Fig. 7 Refractive indices and calculated percentage of phenyl groups for sample 3–8. The refractive index is directly correlated to the phenyl content. A higher phenyl content leads to a higher refractive index.

Curing behaviour investigated by ²⁹Si and ¹³C CP-MAS NMR and TG-FTIR

CP-MAS NMR spectroscopy was applied for further characterization of the consolidated materials. The amount of DAS increases from the consolidated samples 1, 3, and 5. We were not able to prepare CP-MAS NMR samples with a higher amount of DAS (sample 6–8) because these compounds were too elastic for grinding. The main objective of this study are the changes in D or T signals caused by the consolidation process. A completely cross-linked structure would be distinguished by T³ and D² signals only. ²⁹Si and ¹³C NMR spectra of three samples with different compositions were measured.
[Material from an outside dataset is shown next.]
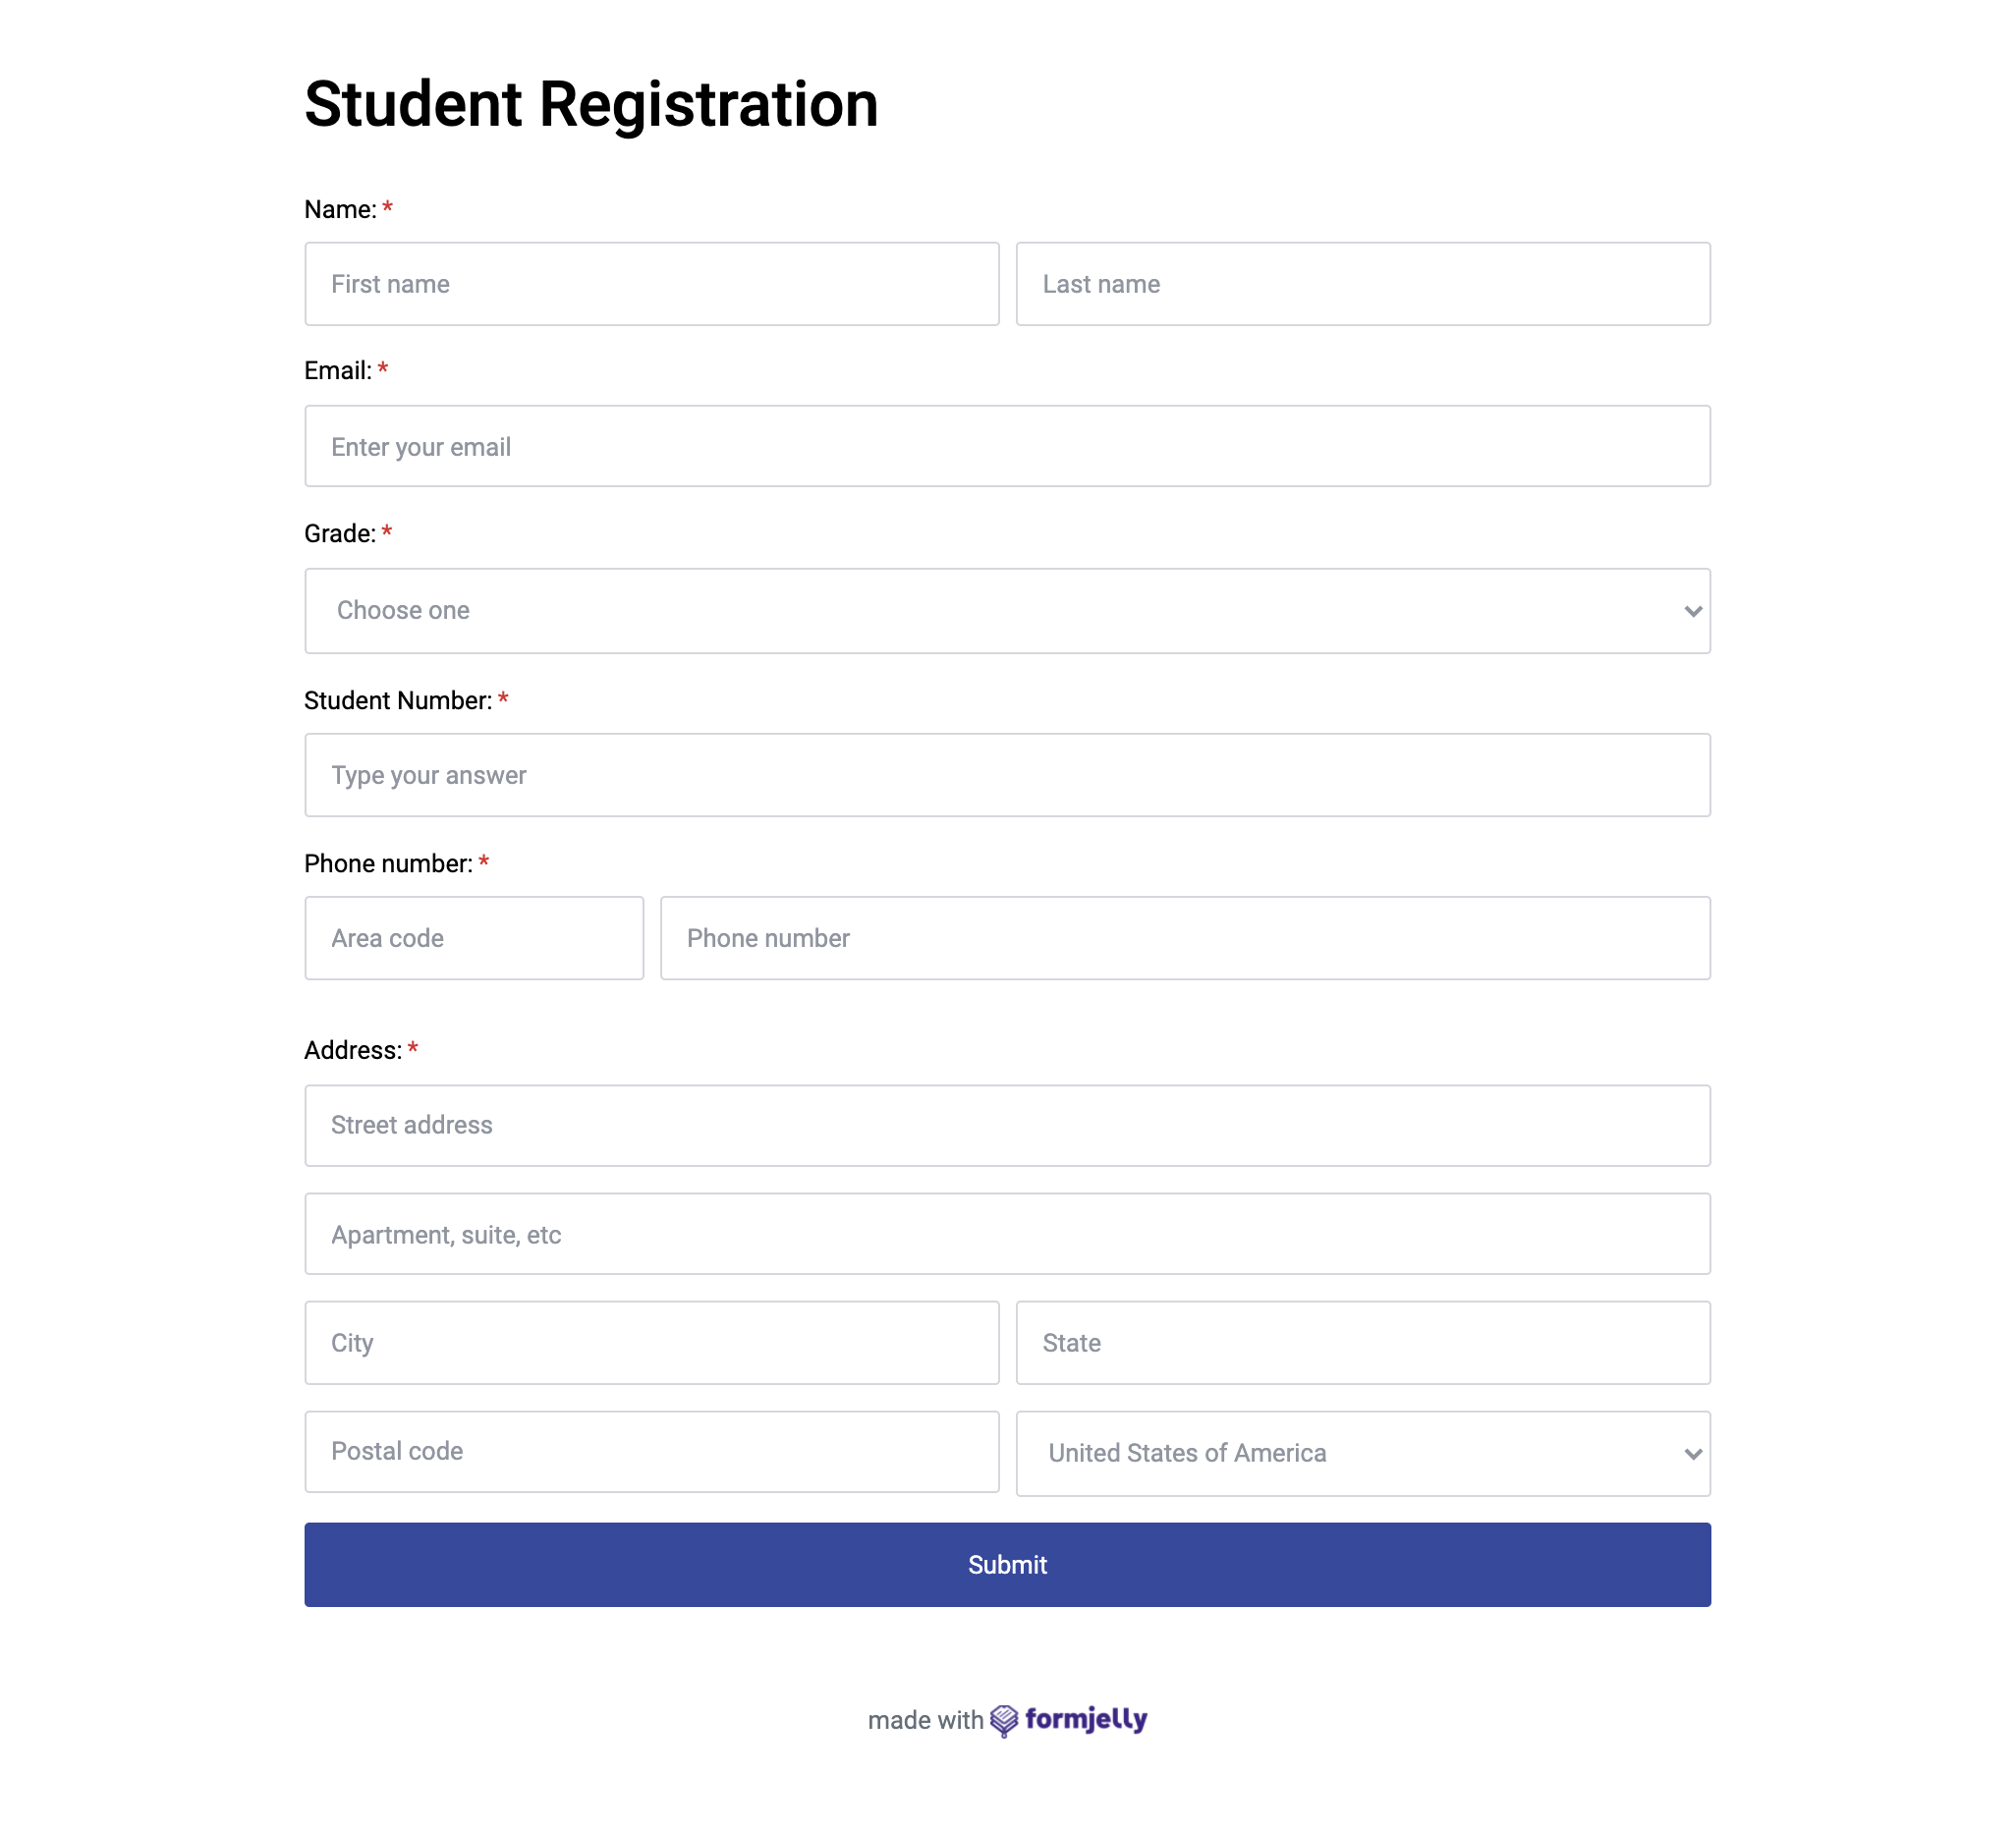 Student registration form template.

In the ²⁹Si NMR spectra we detected eight signals for individual Si groups (Table 4). The Me₂Si(OSi)(OMe) end groups generate a very weak, barely assignable signal in the D¹ range from −5 to −12 ppm (Fig. 8). A second very strong signal can be assigned in the D² range of −15 to −25 ppm. It indicates a nearly complete linkage of DAS monomers to Me₂Si(OSi)₂ chain parts or side products like cyclosiloxanes.⁴³ The more high field shifted T signals at −52 to −85 ppm show a splitting in T¹, T² and T³ of the PhSi(OR)₃ and MeSi(OR)₃ groups. The presence of the different T¹ and T² signals shows that the material is not completely cross-linked. Comparable results were obtained for the inorganic–organic hybrid glasses obtained by the so-called melting gel approach.³⁸ Due to the fact that the very broad chemical shifts of the [PhSi(OR)_3−x] and [MeSi(OR)_3−x] units were superimposed a quantitative determination was not expedient. The T² chemical shifts of [PhSi(OR)_3−x] are located in the region of −66…−69 ppm. The T³ chemical shift of [MeSi(OR)_3−x] are located at −62…−68 ppm. There is no indication for a reasonable separation of the peak areas. Therefore a degree of condensation cannot be calculated accurately. A correlation between the samples composition and the cross-linking degree is given by the systematically decrease of viscosity and hardness and by the increase glass transition temperatures shown in a following chapter.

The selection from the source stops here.